[EXERCISE DIRECTIONS]
Skipping all pictures, print exactly the lines below from the one with "Calendar Montessori School of Oceanside 2" through the final line.

[MATERIAL PROVIDED]
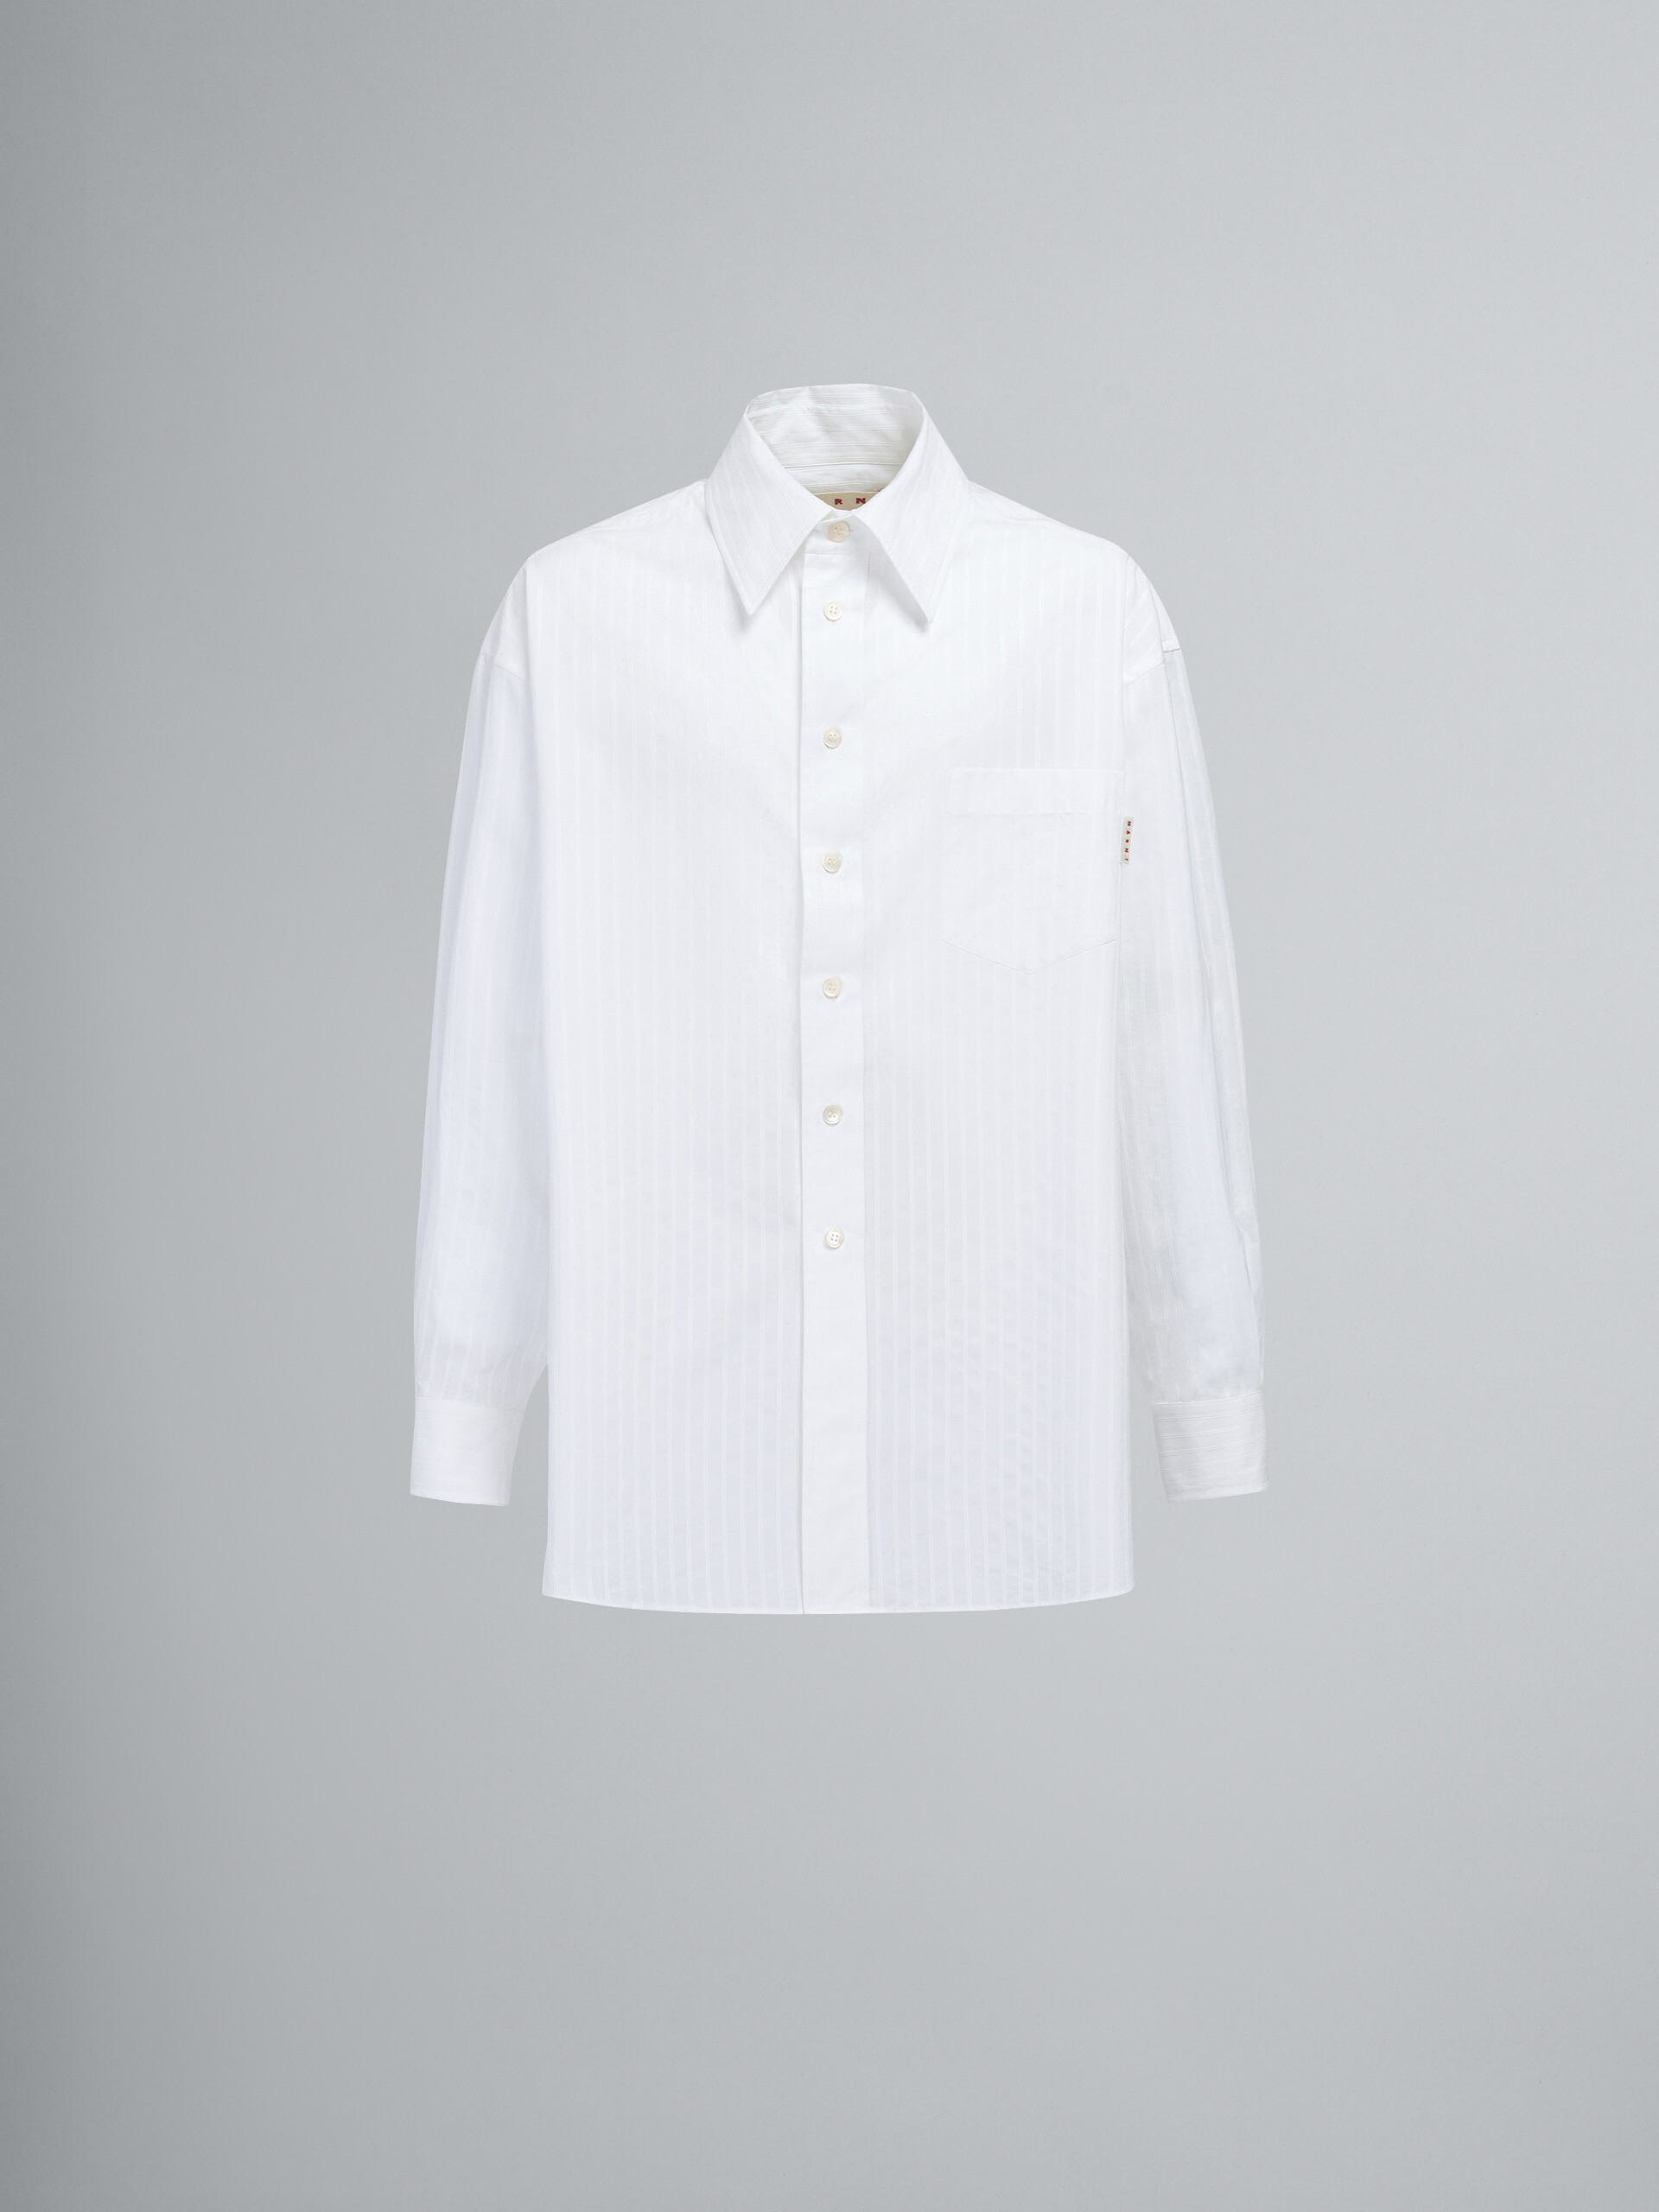 Textured poplin shirt - Shirts - Image 1
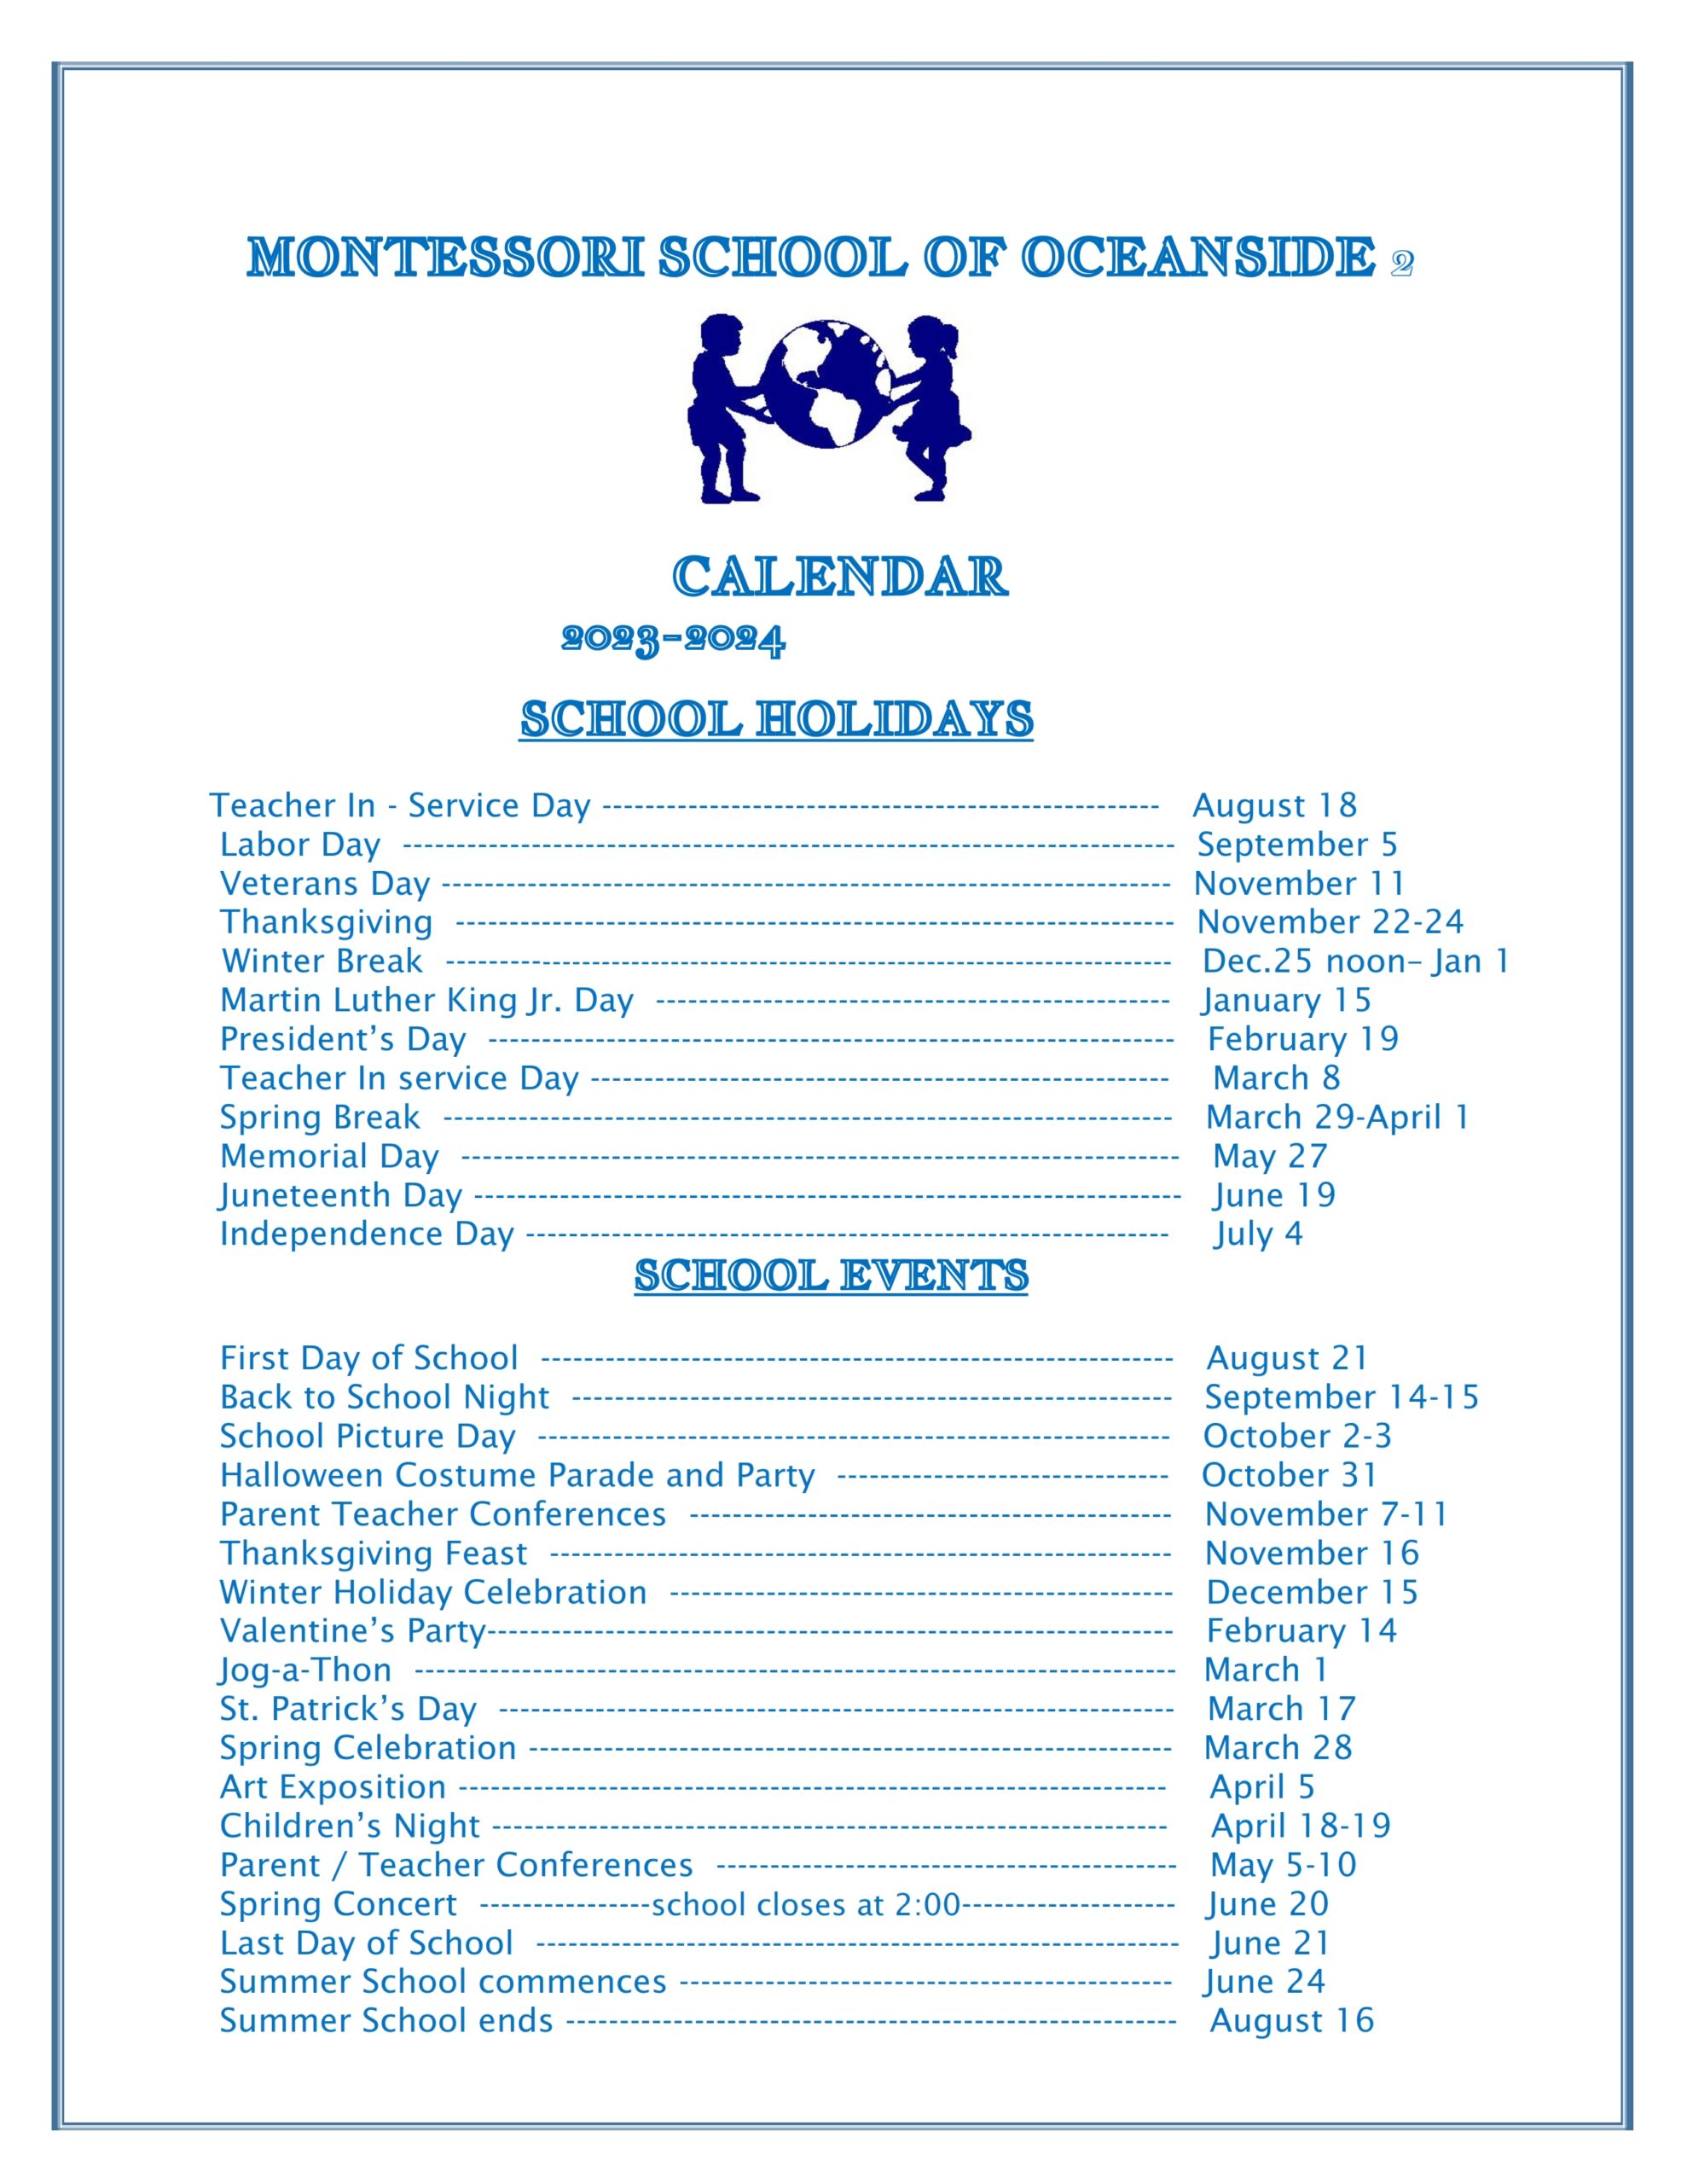 Calendar Montessori School of Oceanside 2
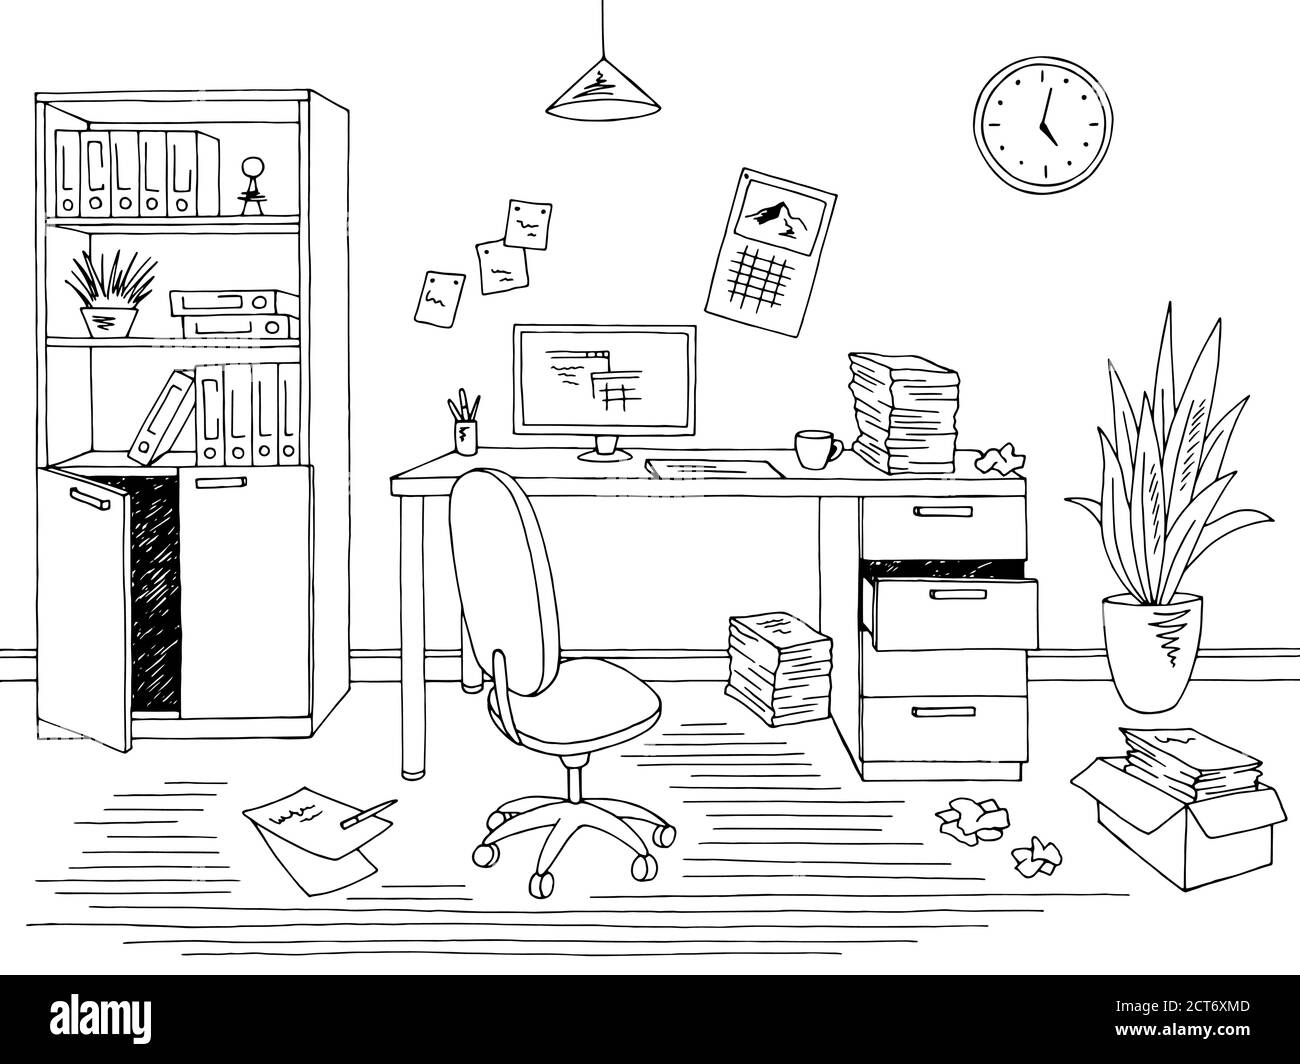 Office Mess Grafik schwarz weiß Innenraum Skizze Illustration Vektor Stock Vektor

[WRITTEN RESPONSE]
 Calendar Montessori School of Oceanside 2
 Office Mess Grafik schwarz weiß Innenraum Skizze Illustration Vektor Stock Vektor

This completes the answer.